By Kevin E. Noonan —
The Supreme Court decided Bilski v. Kappos today and, as anticipated, agreed with the Federal Circuit that Bilski's claims to methods for "hedging" risk in commodities trading are not patent-eligible subject matter. After that, the opinion elevates the analysis to nothing short of advanced tea-leaf reading (including ample evidence regarding the prejudices and opinions of the various members of the Court on the topic of patent-eligibility).
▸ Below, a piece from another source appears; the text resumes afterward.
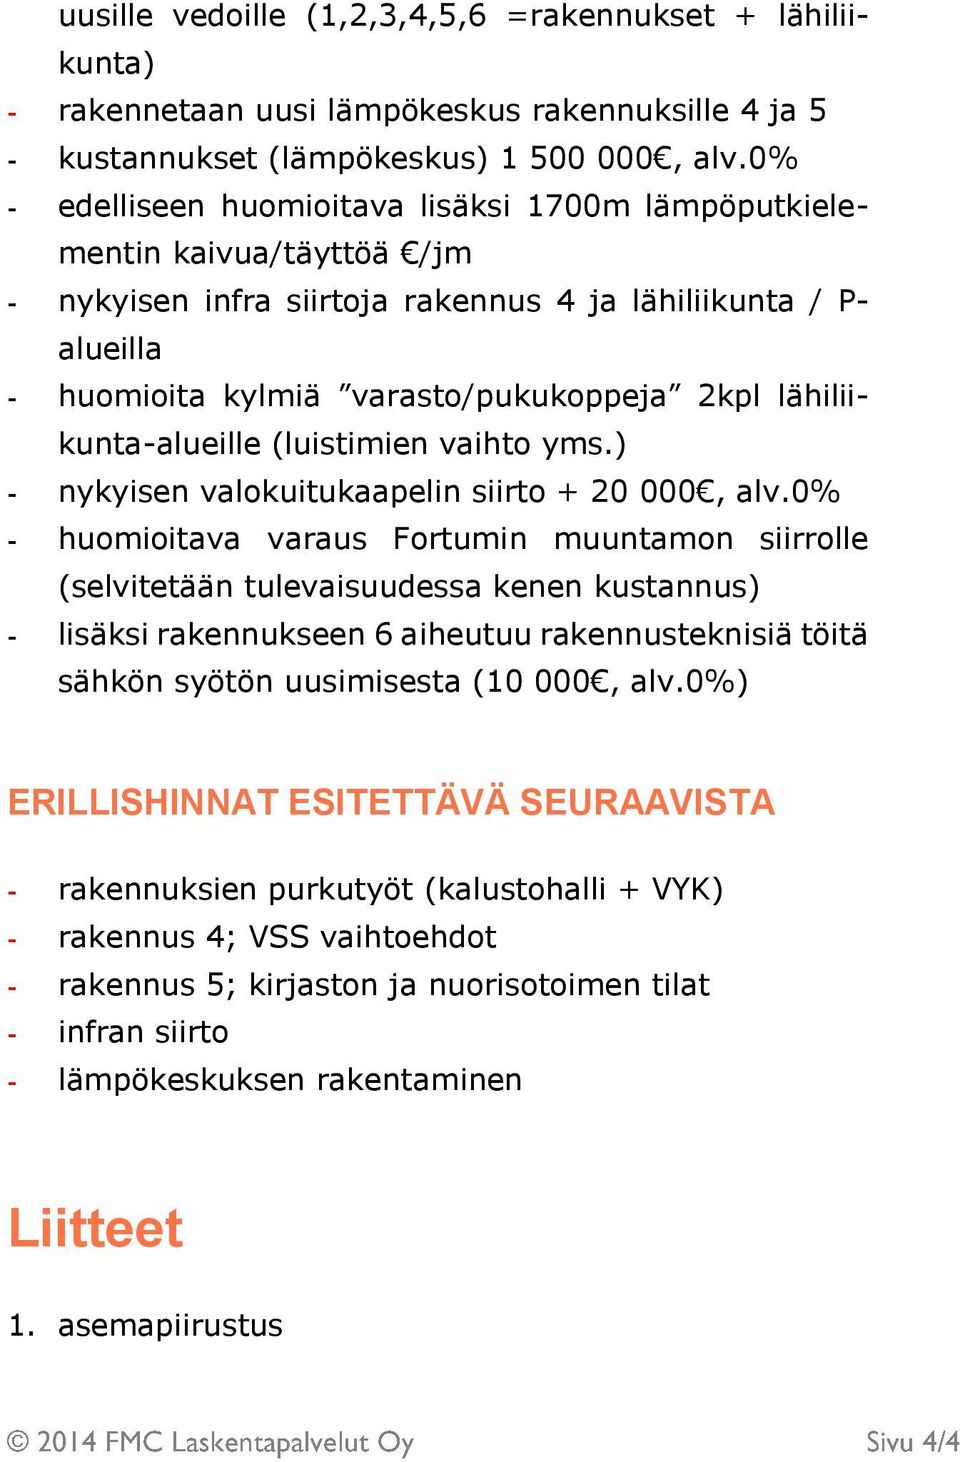 lähiliikunta-alueille (luistimien vaihto yms.) - nykyisen valokuitukaapelin siirto + 20 000, alv.

The "majority" (comprising Justice Kennedy, who wrote the opinion, joined by the Chief Justice and Justices Alito, Thomas, and Scalia, the latter parting company on one aspect of the decision) takes the more conservative approach, deciding narrowly as to the claims before the Court. Somewhat predictably, and consistent with the Court's treatment of other "bright line" rules crafted by the Federal Circuit (KSR, eBay, Quanta), the Court teaches that while the "machine or transformation" test is a useful test, it is not the only test for patent-eligibility of process claims. The Court notes that while this test may have been sufficient for determining patent-eligibility in the "Industrial Age," it may be less useful in the (present) "Information Age" (although Justice Scalia not joining this part of the opinion robs it of any precedential value). As a consequence, the Court believes it best to be cautious in crafting preclusive tests that could prevent patenting new, unforeseen technologies. The Court does provide a measure of clarity in one aspect: it states that "nothing in today's opinion should be read as endorsing interpretations of §101 that the Court of Appeals for the Federal Circuit has used in the past," specifically the "useful, concrete and tangible result" test enunciated by the Federal Circuit in State Street Bank & Trust Co. v. Signature Financial Group, Inc. and repudiated by the en banc court in Bilski (while particularly recommending to "[s]tudents of patent law" that they would be "well advised to study the [Federal Circuit's five] scholarly opinions" in Bilski).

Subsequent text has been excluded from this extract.